Aile şirketlerine dahil olanlar ya da aile şirketleri konusunda çalışanlar arasında yaygın olarak konuşulan bir fenomendir; bu şirketlerin sadece yüzde 30’unun ikinci, yüzde 12’sinin ise üçüncü nesle aktarılabilmesi. Kurucunun yoğun emeğinin yanı sıra sermayesiyle kurulan, diğer yandan ülkemizdeki şirketlerin neredeyse %95’ini oluşturan bu kıymetli şirketlerin ömürlerinin yeterince uzun olamamasının nedenlerine baktığımızda pek çok konudan bahsedebiliriz. Ancak biz bu yazımızda, şirket içinde yeterli bir kontrol ve ardından da bir denetim mekanizması oluşturulamamasından bahsetmek istiyoruz. Öncelikle, sıklıkla karıştırılan iki kavrama açıklık getirelim; iç kontrol ve iç denetim. Şirketlerde bu iki kavramın ayrımını netleştirmeden doğru bir yapı kurmak maalesef mümkün olmuyor. İç kontrol sistemi, şirketin üst yöneticileri ve süreç yöneticileri tarafından tasarlanmış, süreçlerin tüm adımlarına yayılmış; süreçler içindeki işlemlerin onay, yetkilendirme, gözlemleme ve riskleri önleme boyutlarında detaylı çalışıldığı ortamdır. İç denetim ise, en temel haliyle, şirket yönetimi tarafından kurulmuş olan iç kontrol sisteminin sağlıklı ve etkin çalışıp çalışmadığının, yönetim kurulu adına gözden geçirilmesi ve varılan sonuçlar konusunda makul bir güvence verilmesi yoluyla yapılır.

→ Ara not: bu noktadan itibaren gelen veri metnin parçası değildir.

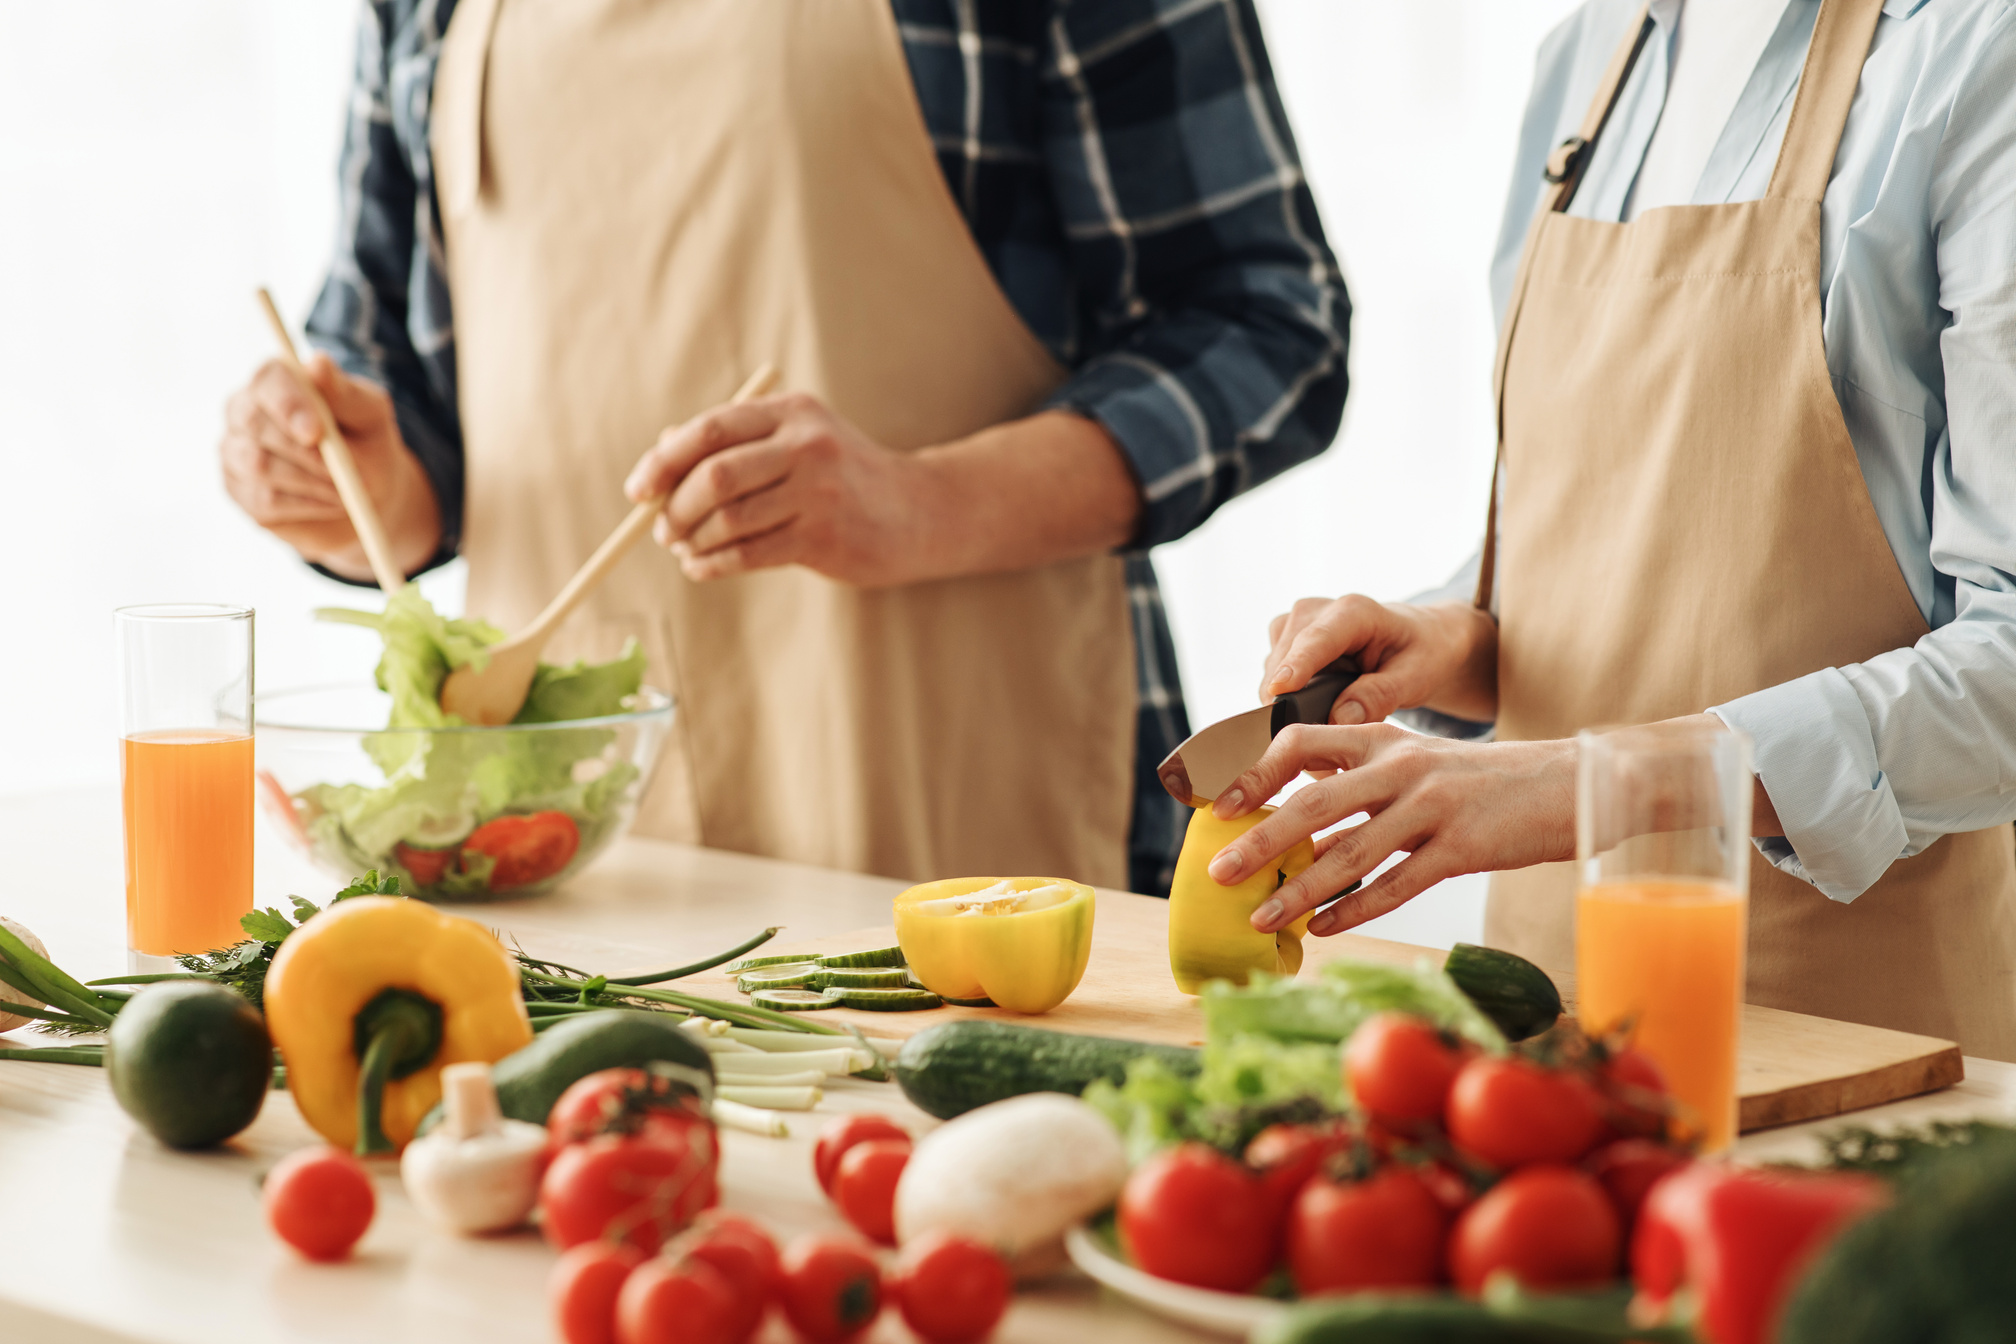 Vegetables for proper nutrition, diet for healthcare

TABLO:1 İç Denetim ve İç Kontrolün Farkları
Bu iki tanıma baktığımızda anlıyoruz ki, süreçlere dair işleyişin kurulması, politika, prosedürlerin yazılması ve uygulanması, yetki sistemlerinin yerleştirilmesi sıkça yanlış anlaşıldığı gibi, iç denetimin değil, süreç sahiplerinin sorumluluğundadır. Peki, bu ayrımı bilmek neden gerekli? İç denetimi doğru yere oturtabilmek ve ondan maksimum faydayı alabilmek için elbette. Gözlemimiz odur ki, aile şirketleri belirli bir büyüklüğe geldikten, kurucunun operasyonun her adımını birebir yönetmesi, her işlemi onaylaması, her çalışanı yakından tanıması olanaksız hale ulaştıktan sonra, hissedarlar, kendileri adına işlerin yolunda gidip gitmediğini, hatta kendi koydukları kontrollerin etkinliğini ve yeterliliğini denetleyecek bir mekanizmaya ihtiyaç duyuyorlar. Kısa zamanda da bu mekanizmanın İç Denetim olduğunu fark ediyorlar. Doğru ve etkin kullanıldığında çok faydalı olabilecek bu mekanizmanın aile şirketlerinde uygulanması, zaman zaman bazı zorlukları da yanında getiriyor.